* Try it
Would you transcribe only the lines below, from the one containing "Narcissus 'Geranium' flowers. Stock Photo" through the end of the material, exactly and with no pictures?

* Source data
+ + + + +

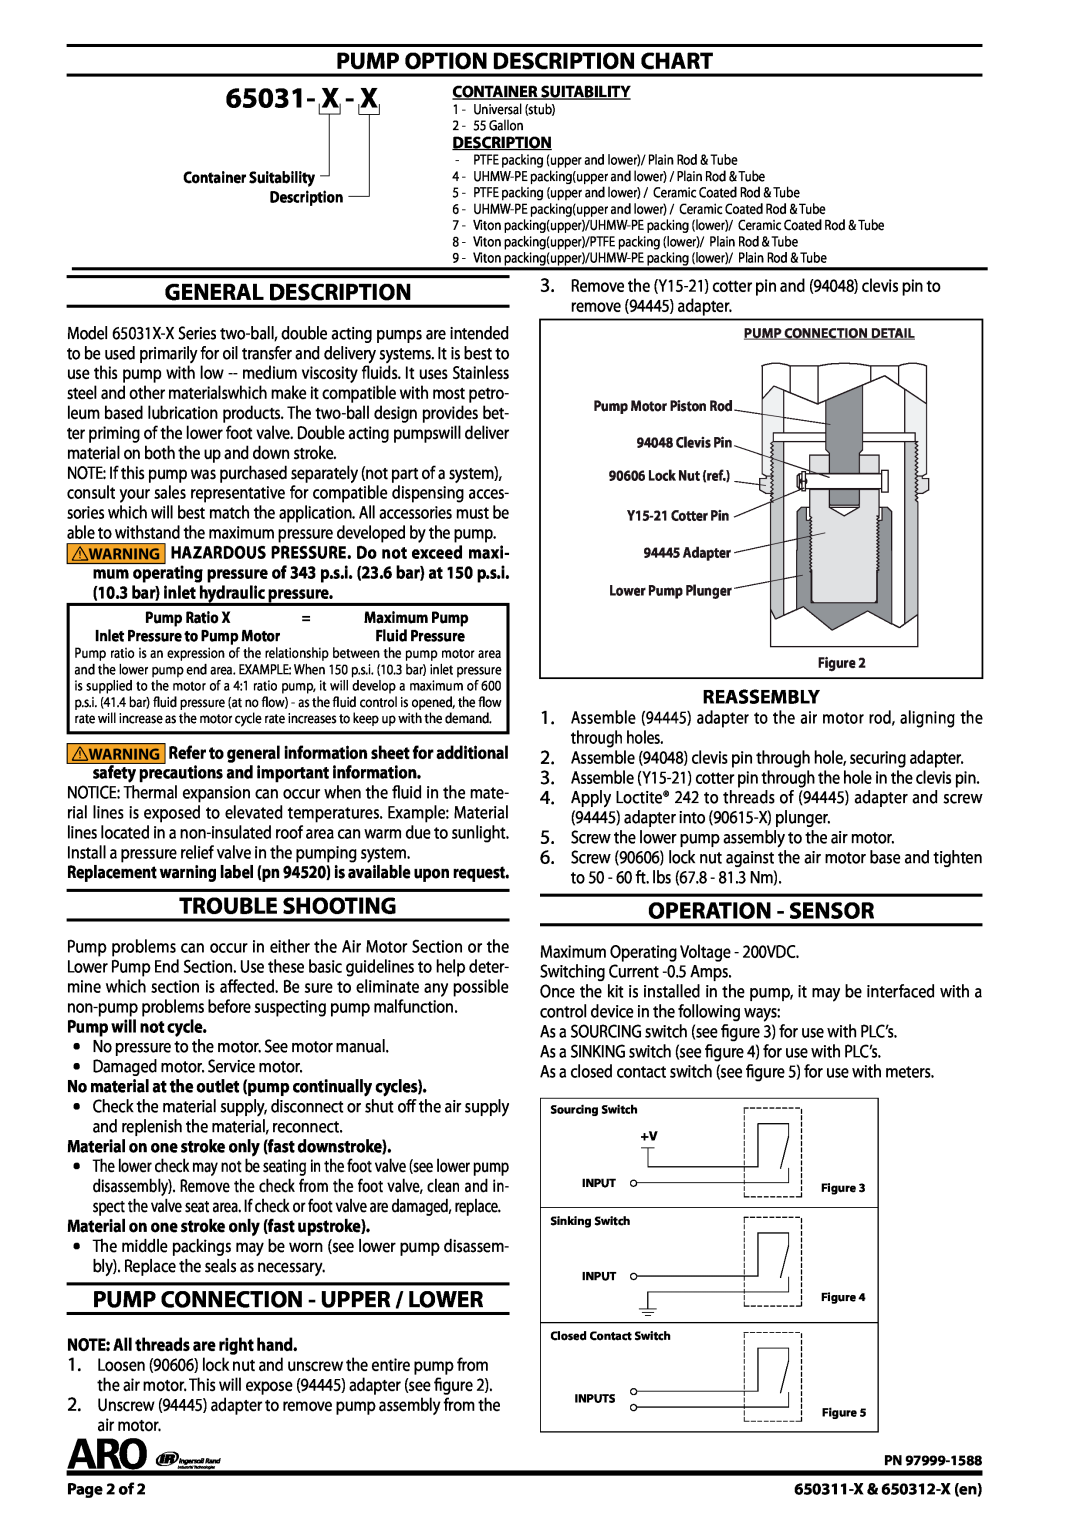 Ingersoll-Rand 650311-X & 650312-X 65031- X, Pump Option Description Chart, General Description, Trouble Shooting 
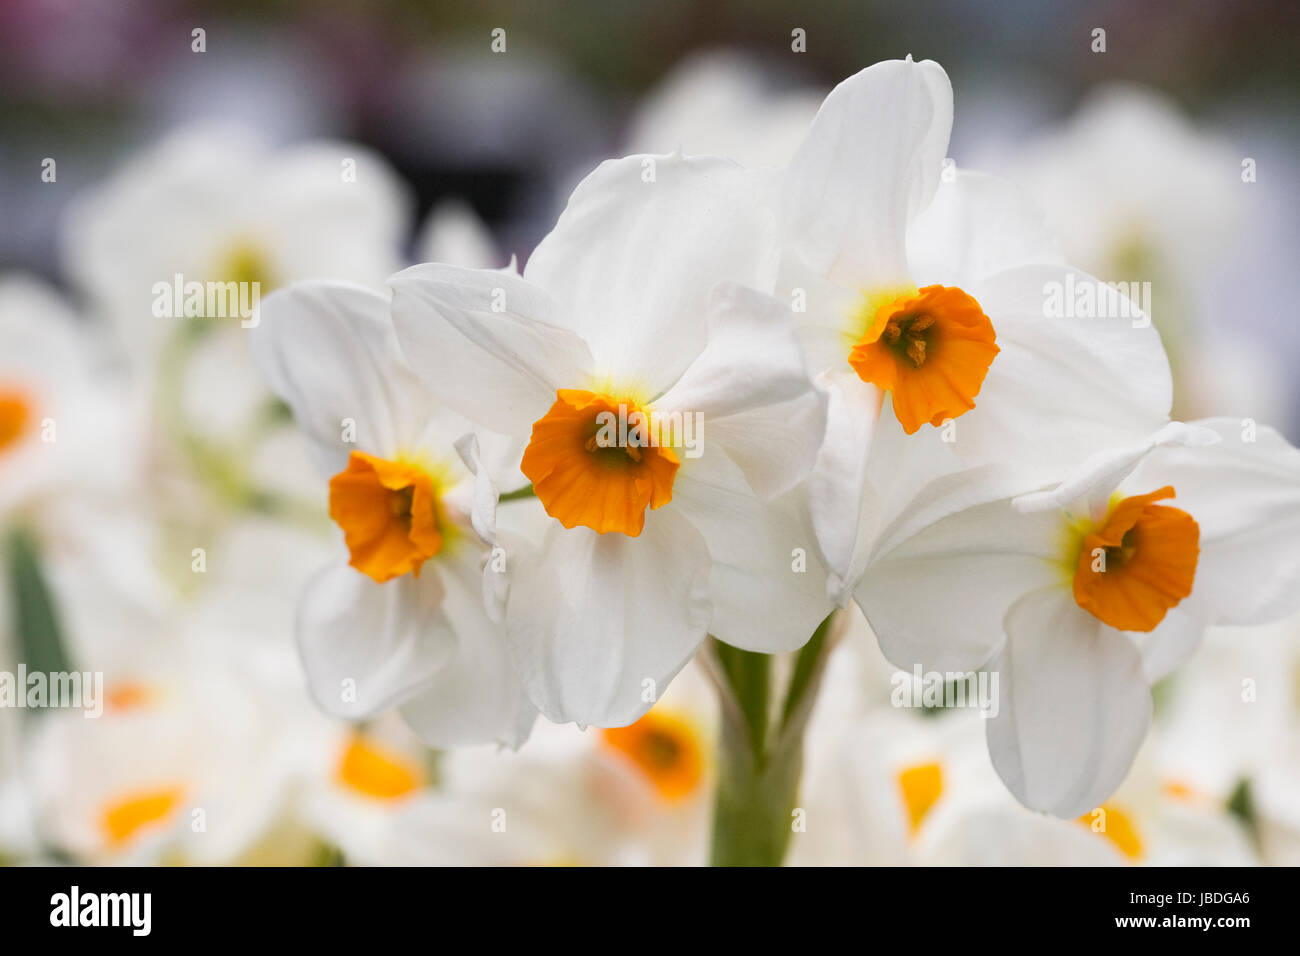 Narcissus 'Geranium' flowers. Stock Photo
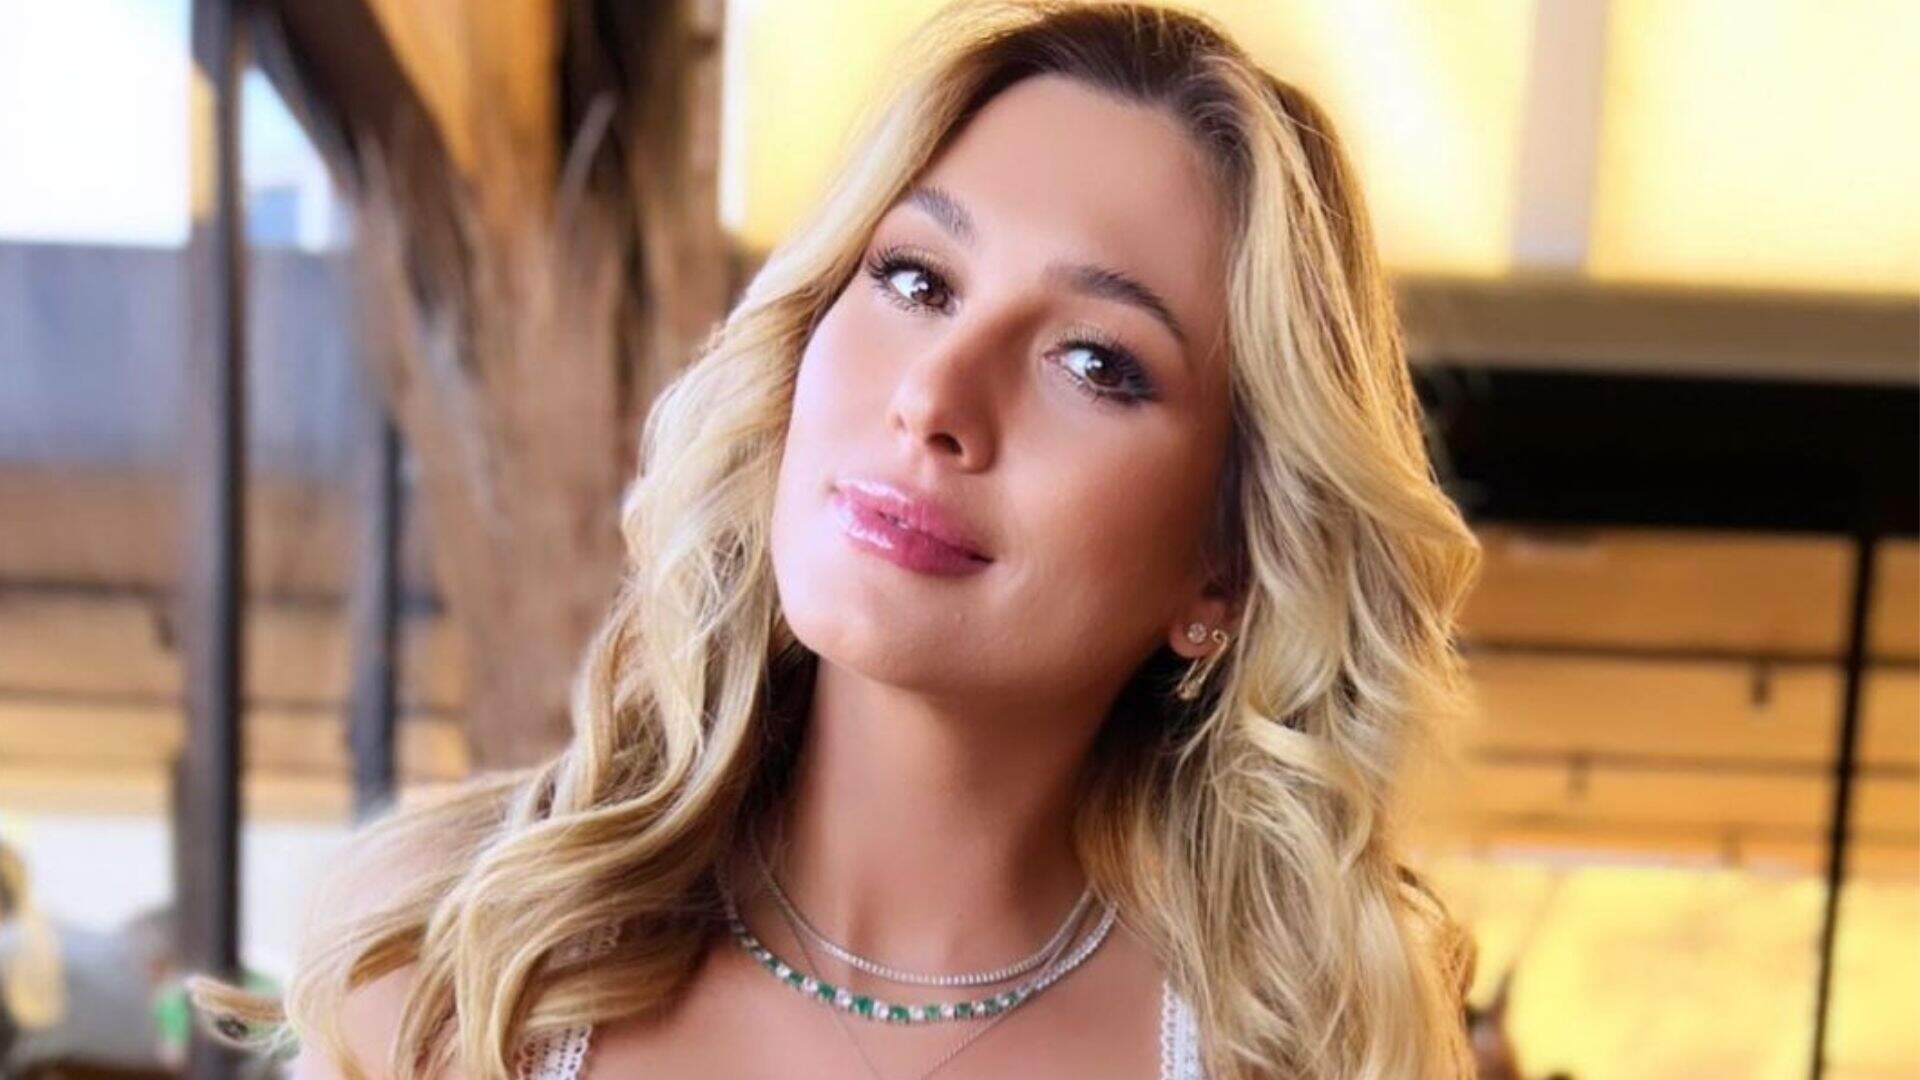 Fio-dental neon de Lívia Andrade revela bronzeado natural em clique de verão: “Eu amo” - Metropolitana FM

+ + + + +

* Answer to this problem
 Narcissus 'Geranium' flowers. Stock Photo
 Fio-dental neon de Lívia Andrade revela bronzeado natural em clique de verão: “Eu amo” - Metropolitana FM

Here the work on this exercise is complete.